Great, another sleepless night! I thought to myself as I was trying to sleep. It's been 4 months since Oliver, me and Glory's son has been born. I went to his room, calmed him down by singing softly until he fell asleep. Once that was over, I kissed him and went back to my room.

"I told you parenting wouldn't be easy." Glory giggled.

"You've been saying that since 4 months ago." I laughed.

"Well, it's true." She jabbed my shoulder gently. The past 9 months have been good and bad for us, as we've been going through a lot. One of them was that we got married on our 3 year anniversary. Then, my depression was getting worse but after few months, it went away. Now, it's been 1 year since I relapsed.

"Glory, can I ask you something?" I said, putting my hand on her shoulder.

"That's what friends are for. Unless they're betraying backstabbing jerks!" She exclaimed. I didn't quite understand what she was talking about but I decided it was best not to talk about it.

"Okay." I simply answered, unsure what to say now at this point.

Later that night, I tried going back to sleep. I kept on staring at the ceiling until my eyes became heavy. Once that was over, I slept peacefully with Glory smiling at me.

"Love you, my sweet princess." I whispered, kissing her hand.

"Love you too, my Prince Charming." She mumbled.

The next day, I got up and noticed the time was 11:56. I ran to the bathroom to do my hair and get my contacts on. Once that was over, I got dressed and found Glory feeding Oliver. I sat down and started eating my chocolate chip pancakes. Jesus Christ, I just died inside. I thought to myself, smiling at how good it is.

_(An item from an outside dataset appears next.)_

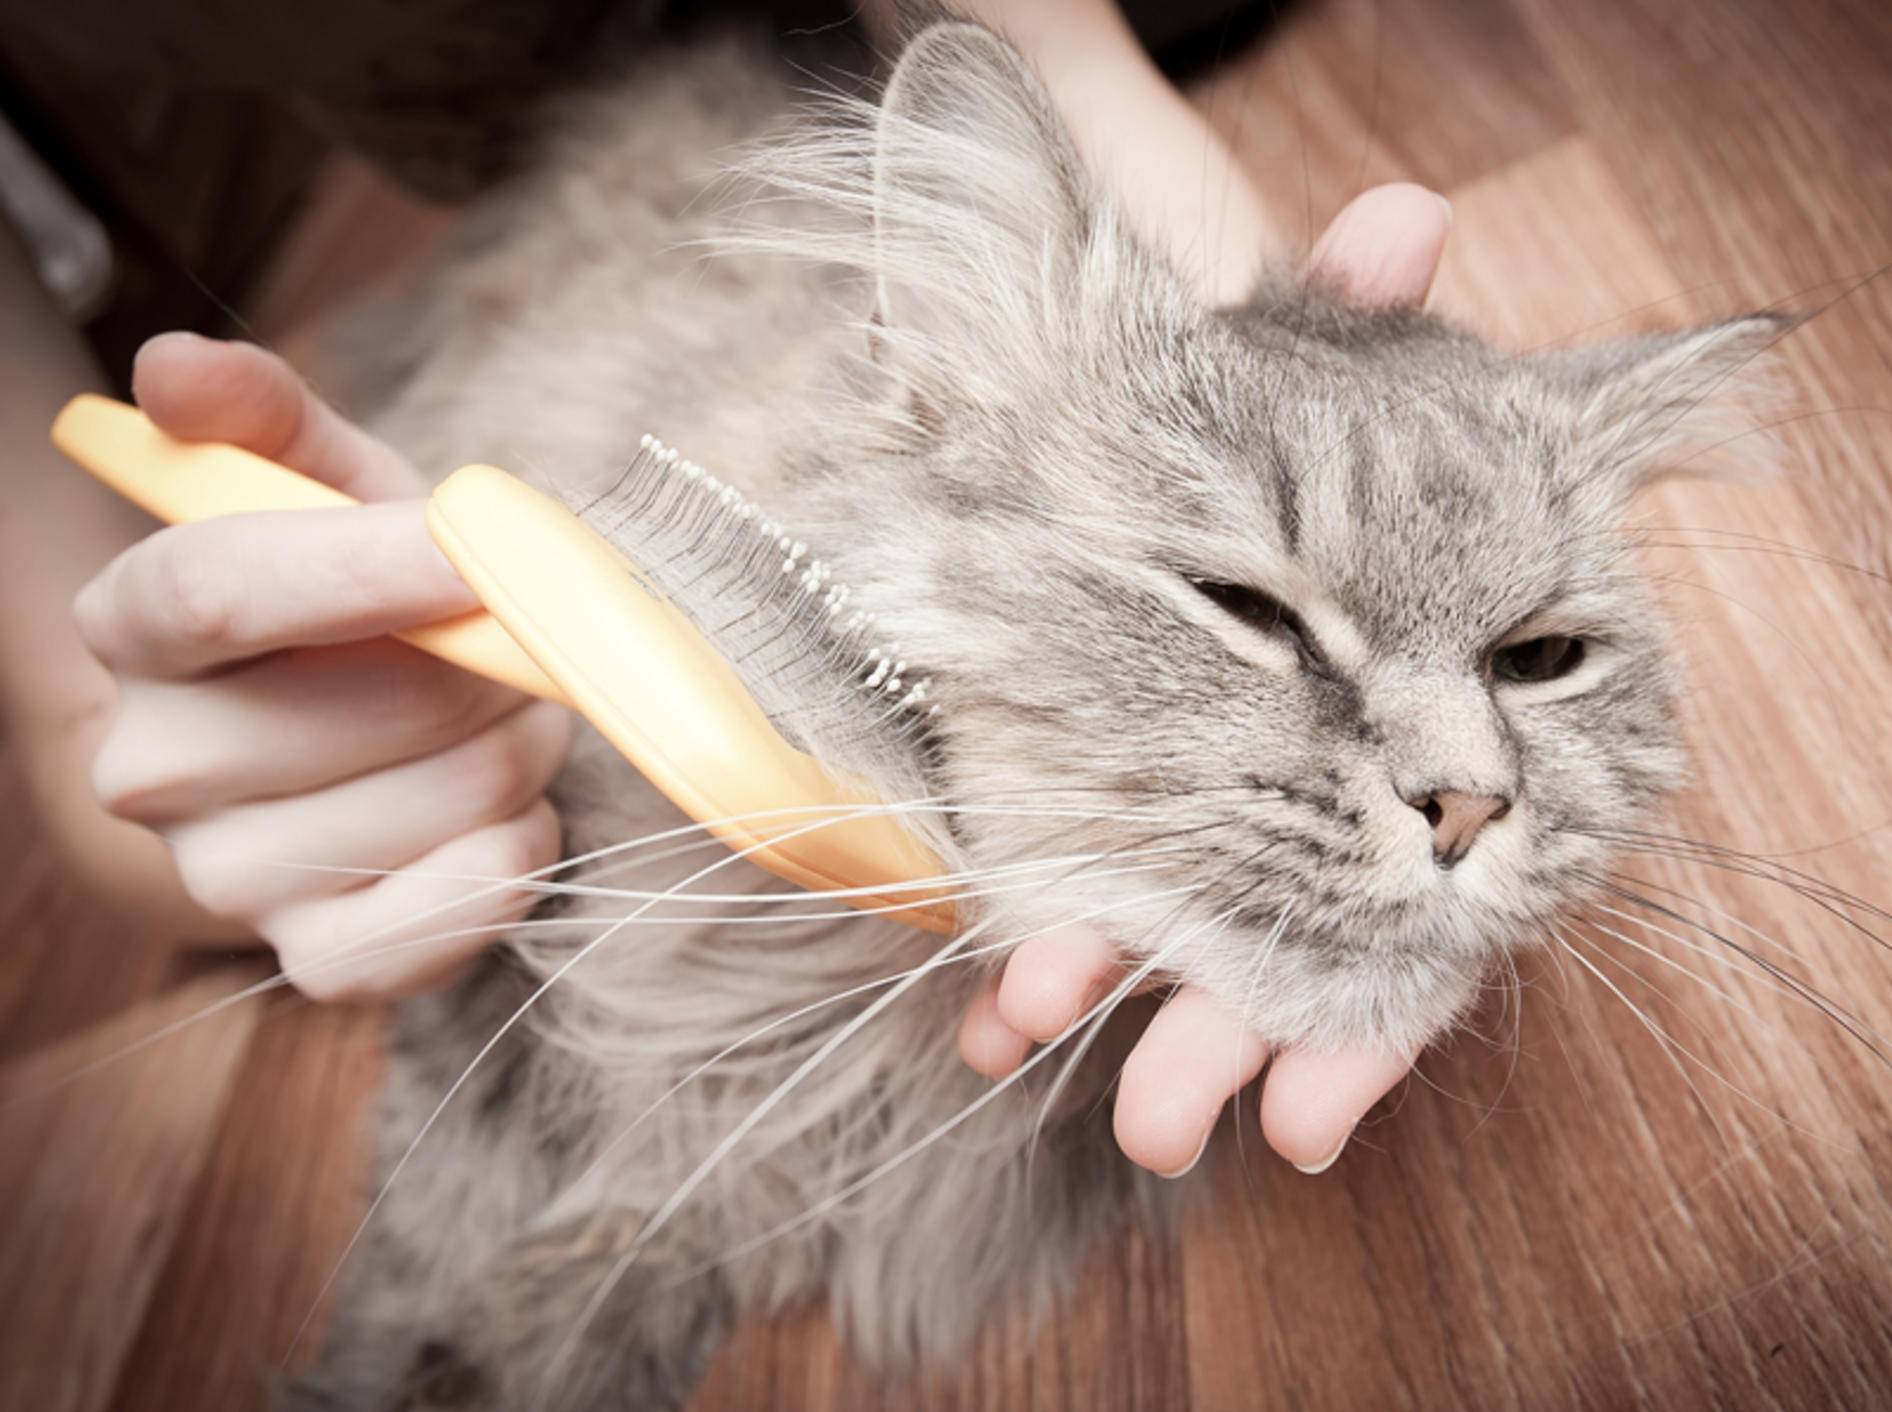 So finden Sie die richtige Bürste für Ihre Katze – Bild: Shutterstock / Telekhovskyi

Later that day, I went upstairs to my room and locked the door. I started crying again for what seemed like the thousand time, thinking my life is getting worse than it is. I don't work as much as I used to, as I only go for the table reads and voices. Just why the hell can't my life be the same as it used to be. I grabbed a lighter from my pocket and began burning my arm, while sobbing. After that, I grabbed a few bandages and placed them onto my burn marks, going to sleep. I continued crying but I tried not to.

Glory's POV

I put Oliver down for a nap, as I was about to read when I heard crying. Dear god, no! I thought to myself, about to run but quickly realized I should be quiet. I went to the end of the hall, knocking on the door, checking to see if Seth is okay. I listened to his cries, thinking what the hell just happened.

"Seth, are you okay?" I asked him, hoping he'll unlock the door.

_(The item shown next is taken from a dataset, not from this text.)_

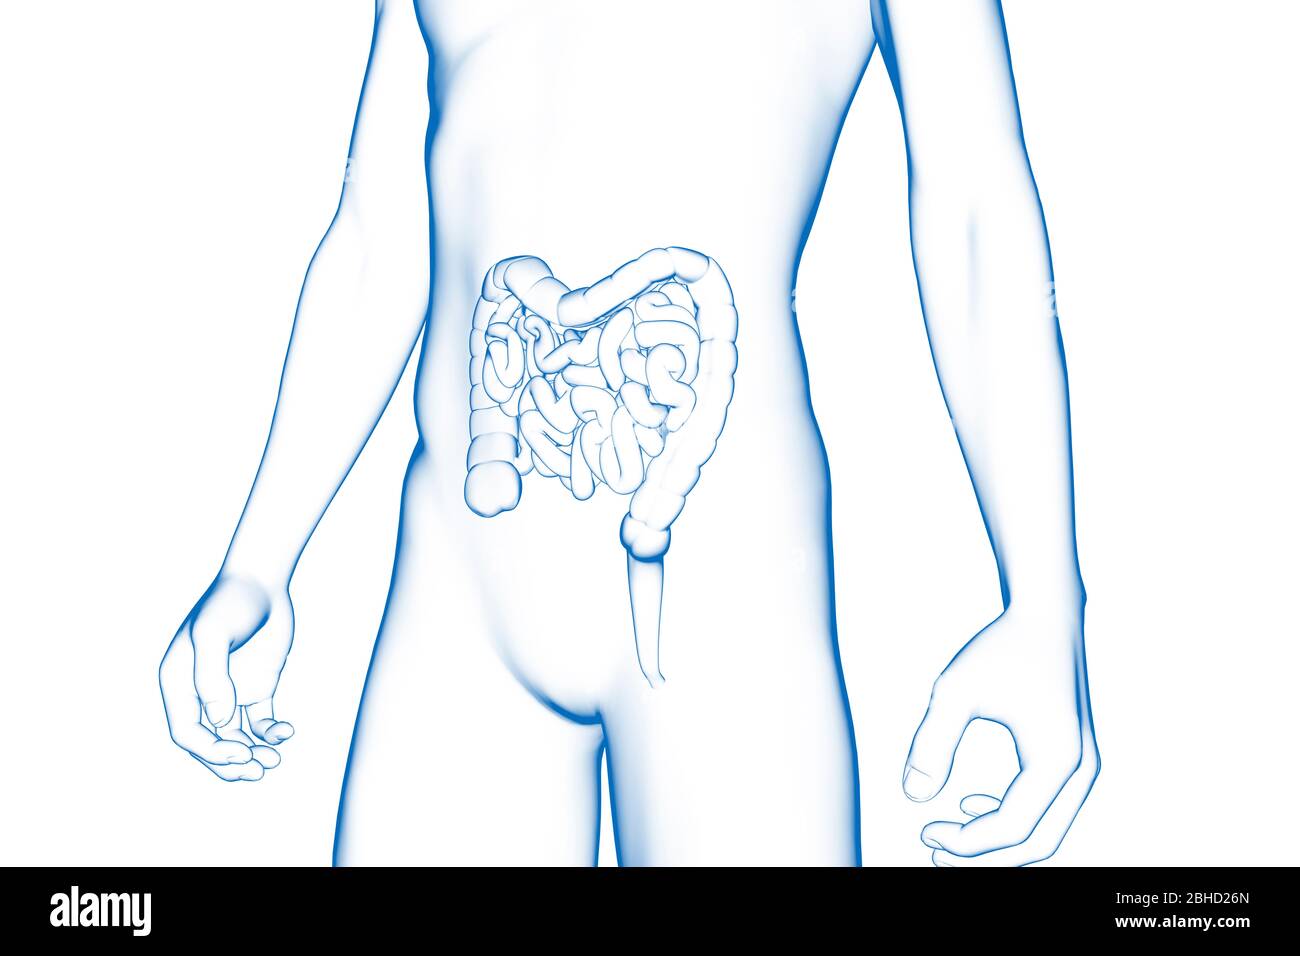 Intestino, órgano del cuerpo humano, modelo médico 3D Foto de stock

"Just a minute!" He shouted, unlocking it, then opening for me. I got in and sat next to him.

"Why was there crying?" I said, wondering if something bad happened.

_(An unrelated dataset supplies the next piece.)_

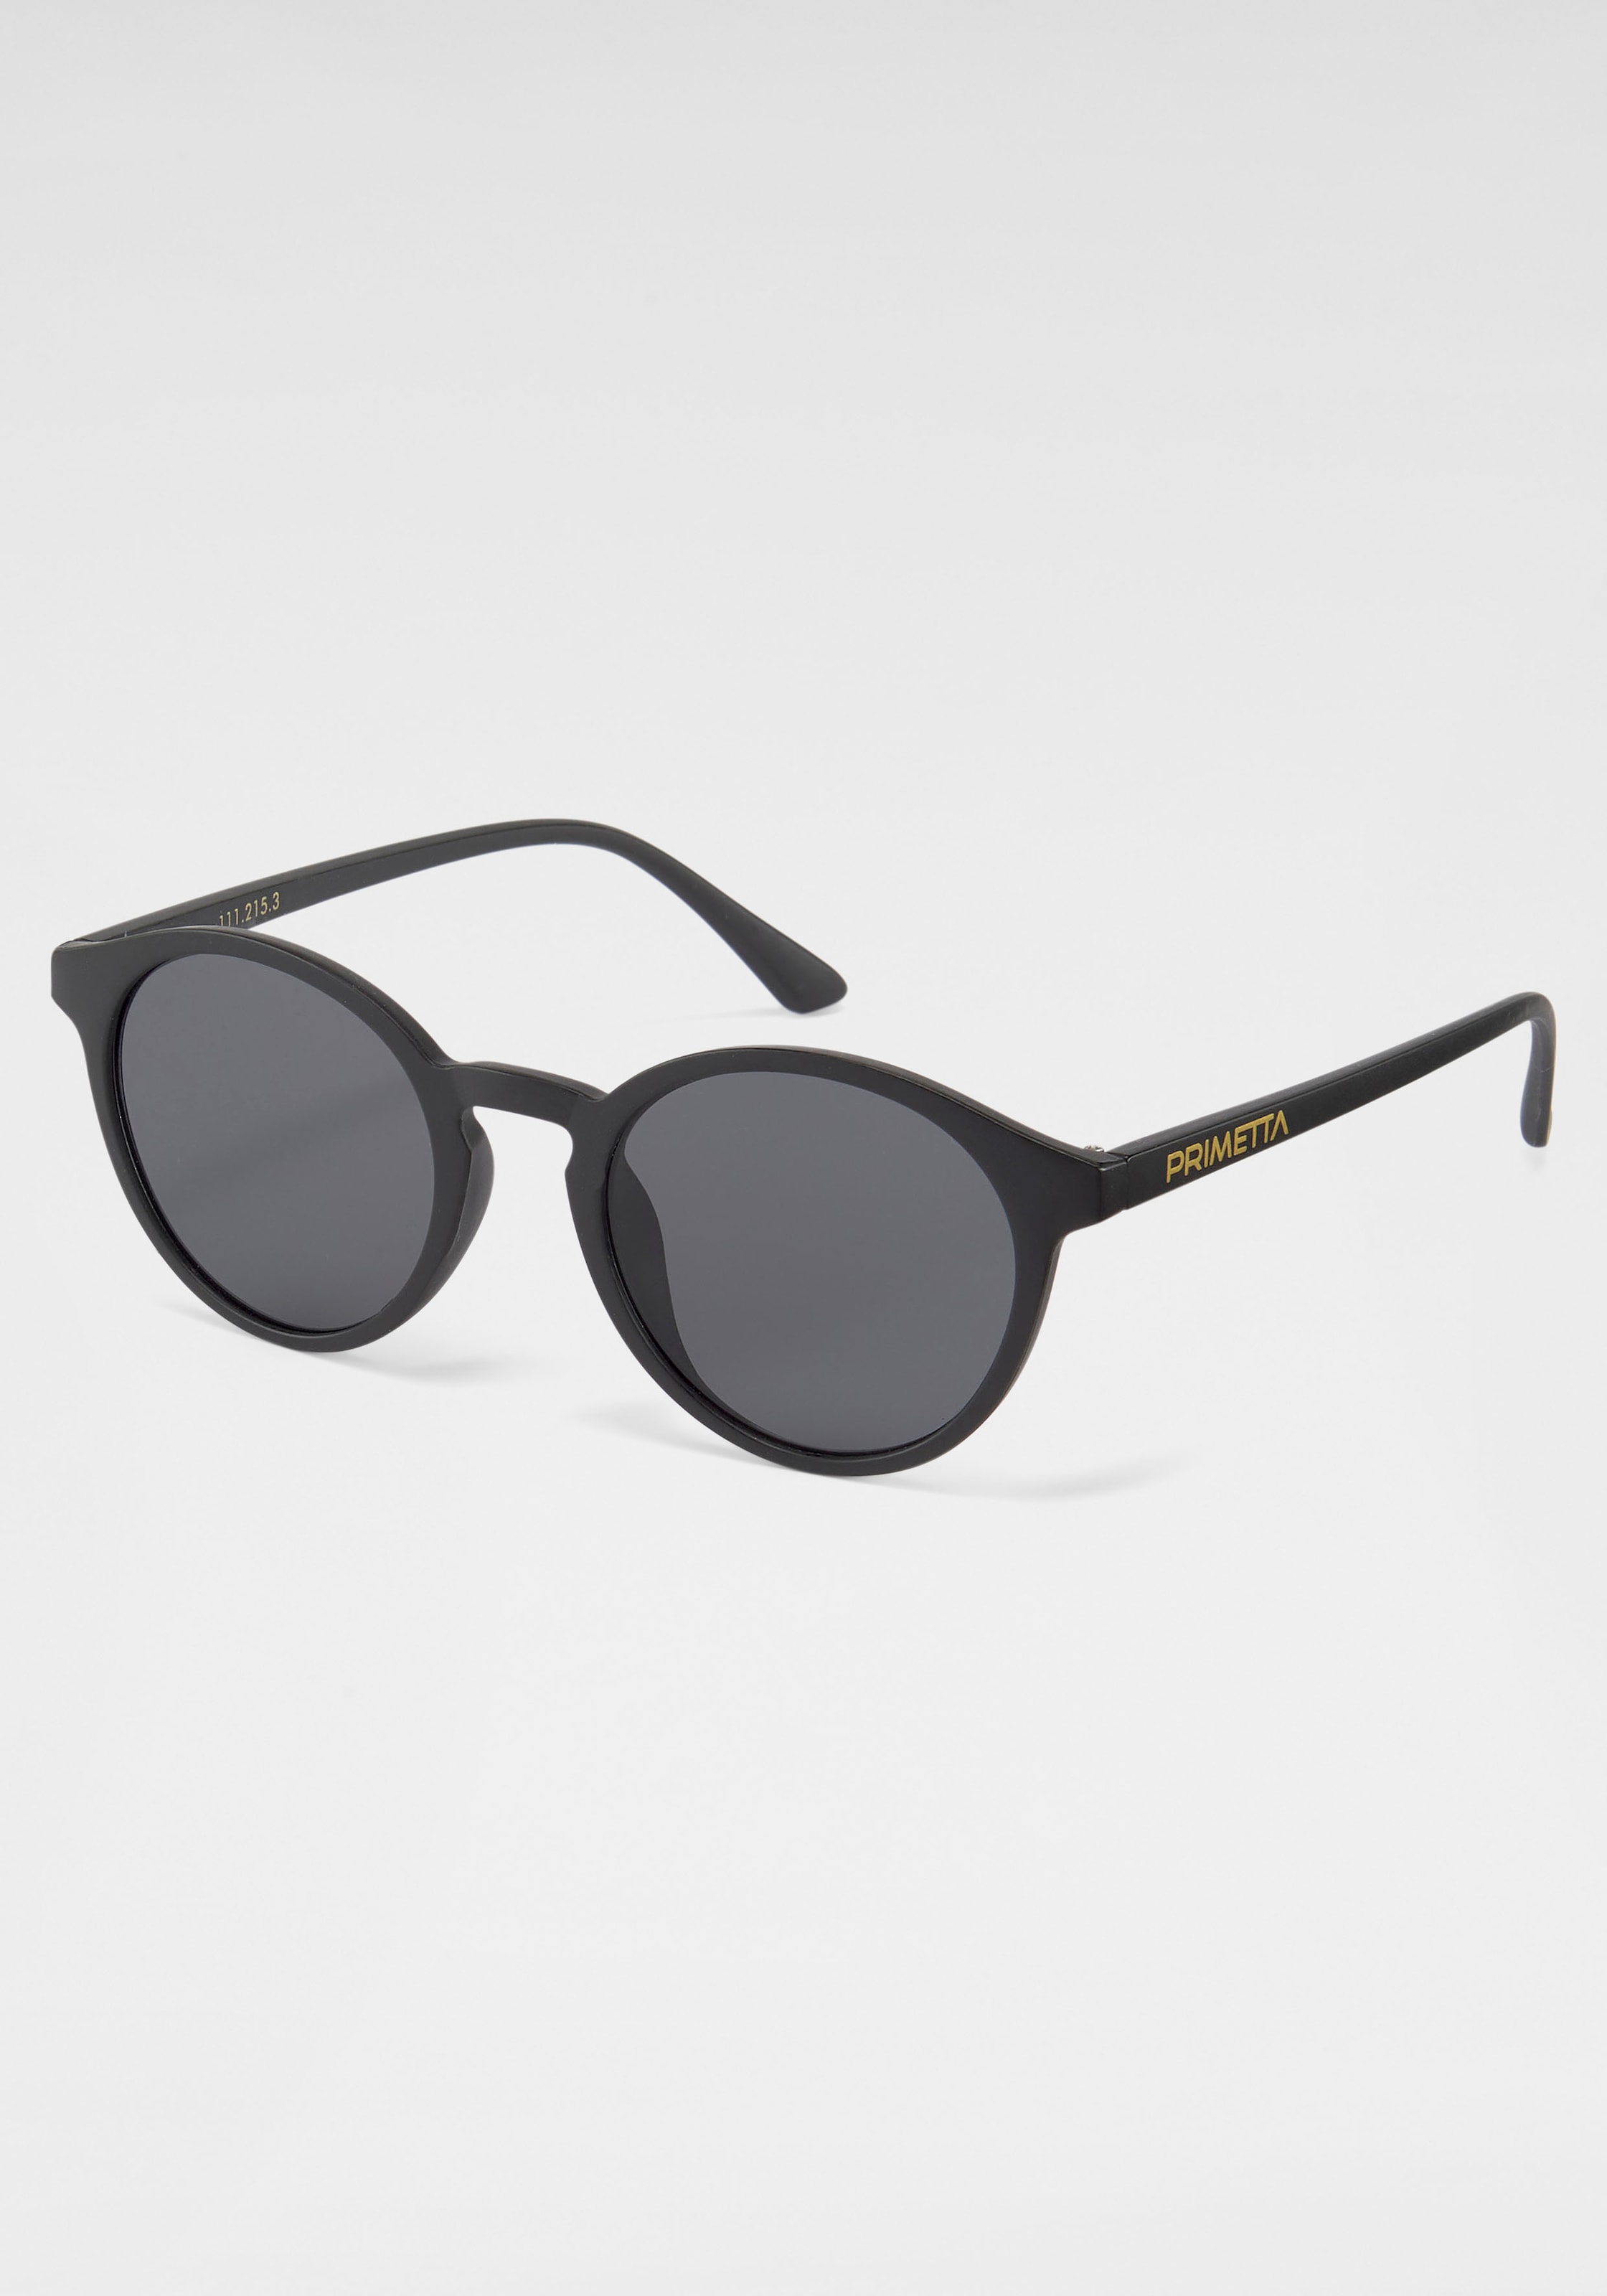 PRIMETTA Sonnenbrille OTTO Shop Online im Eyewear

"I was rewatching The Sound of Music. Gets me every time." He explained.

"I don't hear the movie playing." I looked around.

"You missed it." He reminded me, kissing my hand.

"I know why you were crying." I told him, hoping he'll answer what was really going on.

"You're lying!" He exclaimed. I shushed him, letting him know that Oliver is sleeping.

"You know it's true!" I screamed.

"That I'm crazy!" He shouted, tears forming in his eyes.

"Seth, you're not." I assured him, placing a hand on his shoulder.

"Yes I am! What part didn't you hear!" He shouted, about to start crying. I knew I shouldn't do this. I thought.

"None. But look, Seth. Everything is going to be okay." I said, as he ended up sobbing.

"You keep saying that and it's making everything worse." He sobbed, trying to get away but I stopped him.

"Seth, you don't mean it." I hugged his arm, feeling something.

"I do. My life is already as bad as it is." He continued crying.

"I wish I could help."

"There's nothing you can do."

I didn't know what to say at this point because I think Seth might've self inflicted himself but I wasn't sure if he did or not. I can't believe he did this to himself and I mean seriously doing it. 2 years ago, he almost did that but I stopped him and we got into a fight. He called me a little bitch after that and I was even more angry at him.

"I didn't mean it." He wiped his tears, showing me his arm.

"What?" I said, pretending not to know.

"I didn't mean to burn myself. I was just so depressed that I was having a shitty life lately." He admitted, taking off the bandage.

"How can you admit to something like this?" I asked.

"Remember how you said that we have to tell each other everything and I mean everything?" He said.

"Yeah, I already knew but I didn't want to get you more upset than you normally are." I told him. He showed me more burn marks that were scars.

"I burned myself for the 8th time this month but now I stopped because I couldn't hurt you anymore."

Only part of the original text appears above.